Situation: page restored when no live page already exists at that title

  1. SpecialUndelete::undeleteRevisions()
  2. SpecialUndelete::undeleteRevisions() does:

$newid = $article->insertOn( $dbw );
A new page row is inserted with page_latest=0, page_len=0, page_is_new=1
This also sets mTitle in the WikiPage to have correct ID.

  1. SpecialUndelete::undeleteRevisions() does:

$oldcountable = $article->isCountable();

  1. isCountable() calls isRedirect(), which causes loadPageData() to be done on a slave.

The data isn't there yet on the slave, so the page is loaded as not existing.
loadPageData() does:

		$this->mTitle->loadFromRow( false );

...which overrides mTitle in the WikiPage to 0

  1. SpecialUndelete::undeleteRevisions() does:

$article->updateIfNewerOn( $dbw, $revision, $previousRevId ),
Called with $previousRevId = 0 since no page existed at the title before restoring

  1. WikiPage::updateIfNewerOn() calls WikiPage::updateRevisionOn() since the page doesn't exist
  2. WikiPage::updateRevisionOn() does:

$conditions = array( 'page_id' => $this->getId() );
$this->getId() uses mTitle->getArticleID(), which was corrupted as 0.
Thus, the UPDATE fails to update the row in (2), and it is stuck with those values

Good catch -- this looks like it could plausibly have been breaking pages off and on for a while (hence some of the older cases that aren't new).

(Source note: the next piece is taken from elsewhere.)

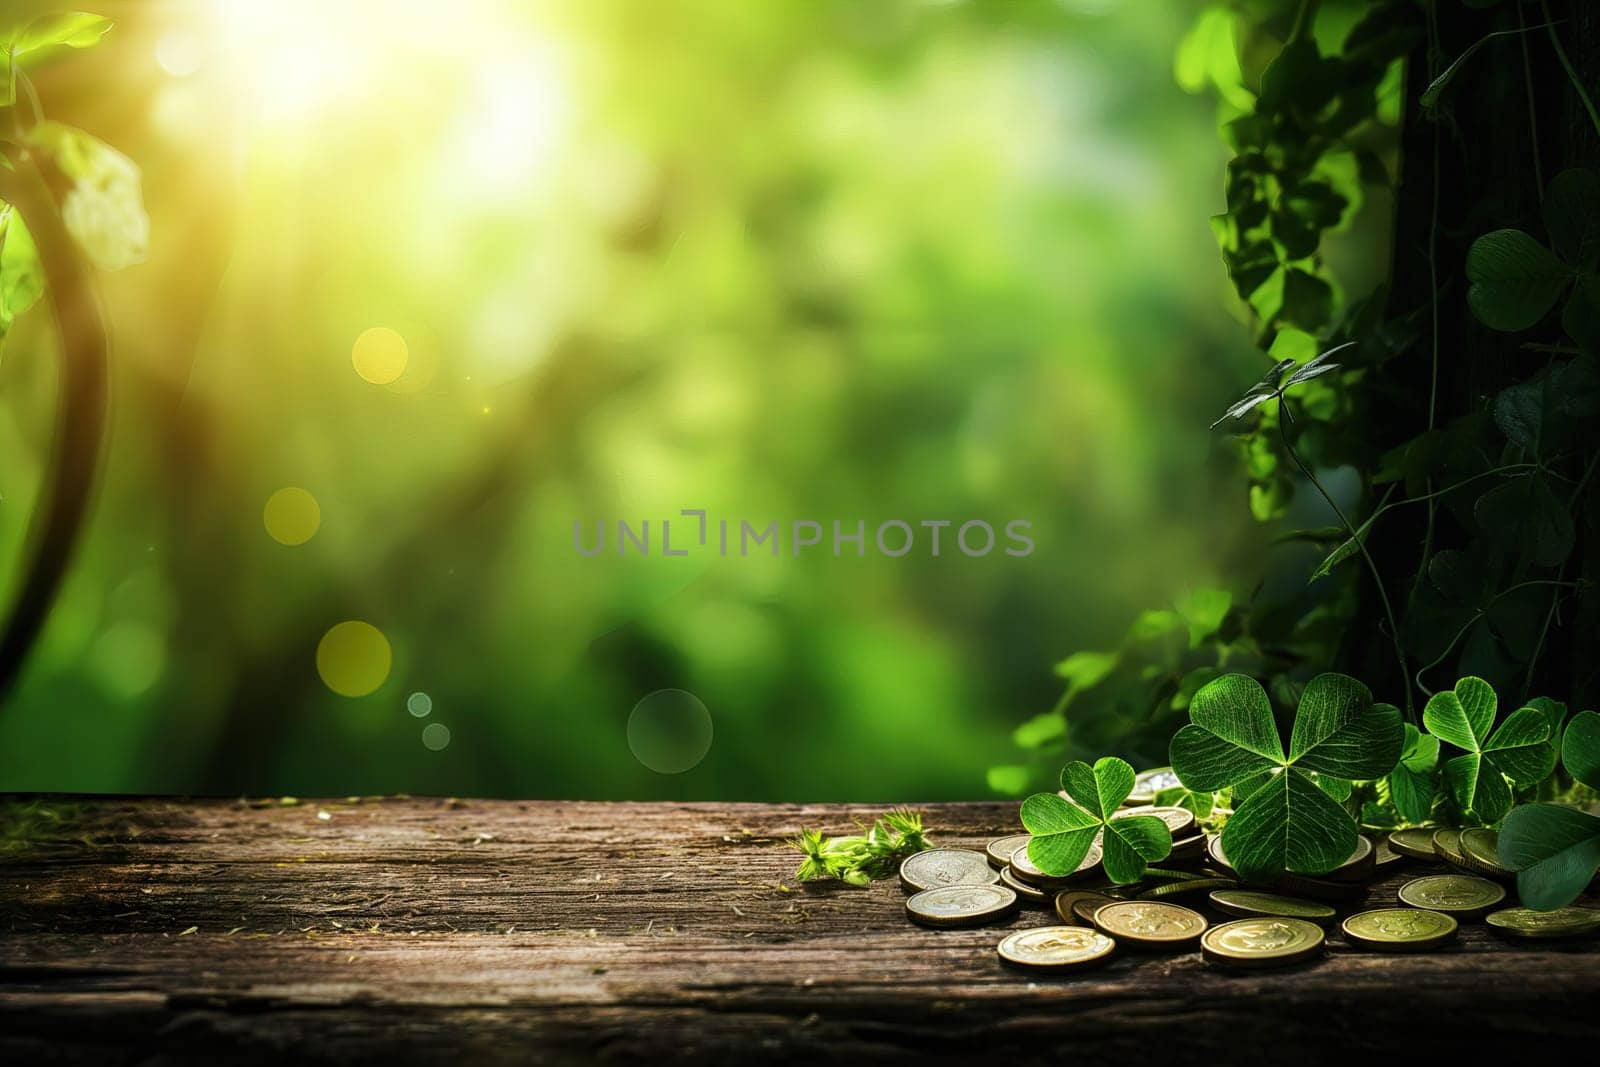 Golden coins on wood table with clover arc background by Dustick
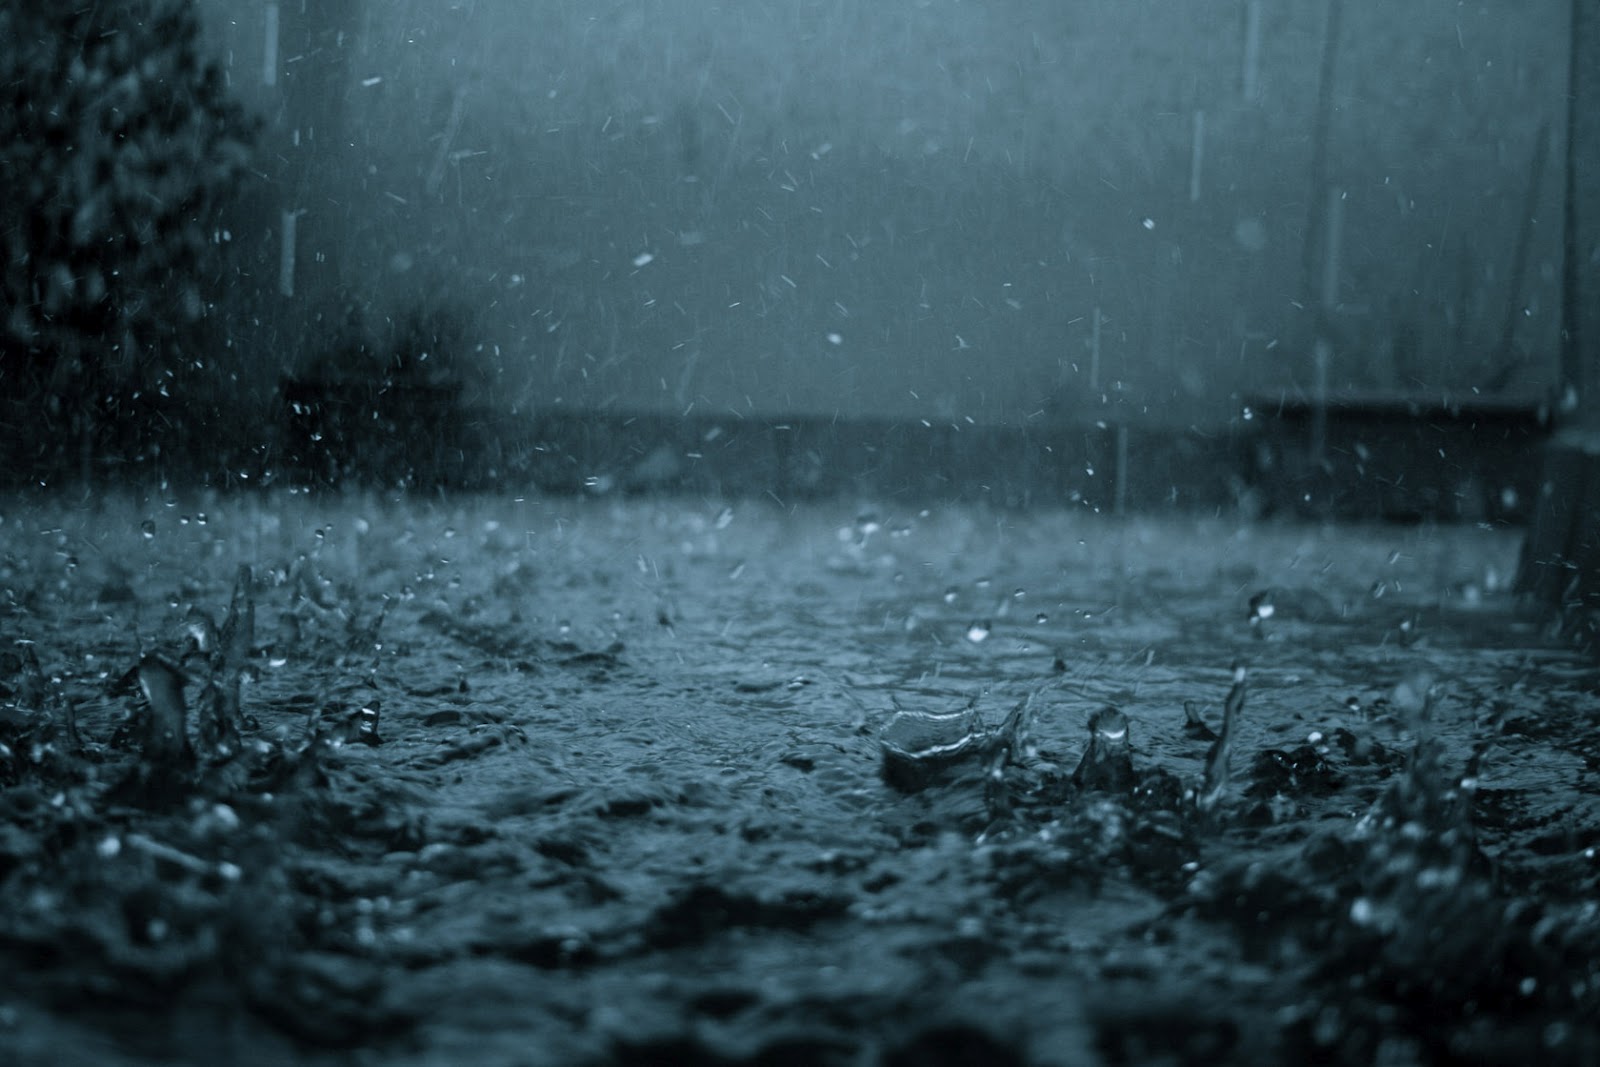  pictures rain pictures alone in rain pictures hd love wallpapers

Probably Article::insertOn (rather WikiPage::insertOn) should save the updated ID and whatnot and mark itself as having loaded state (set $this->mDataLoaded). This'll bypass trying to reload the data, without having to explicitly say "btw load this from master".

Re-opening as some instances have come up still.

Closing again. This bug originally referred to pages with several edits and broken page_latest values involving deletion/restoration.

The "new instances" were actually an issue with new pages rather
than existing ones. They were caused by...a bug in logging hack intended to confirm the absence of *this* bug, somewhat ironically. That code was removed a script was run to clean up all effected pages.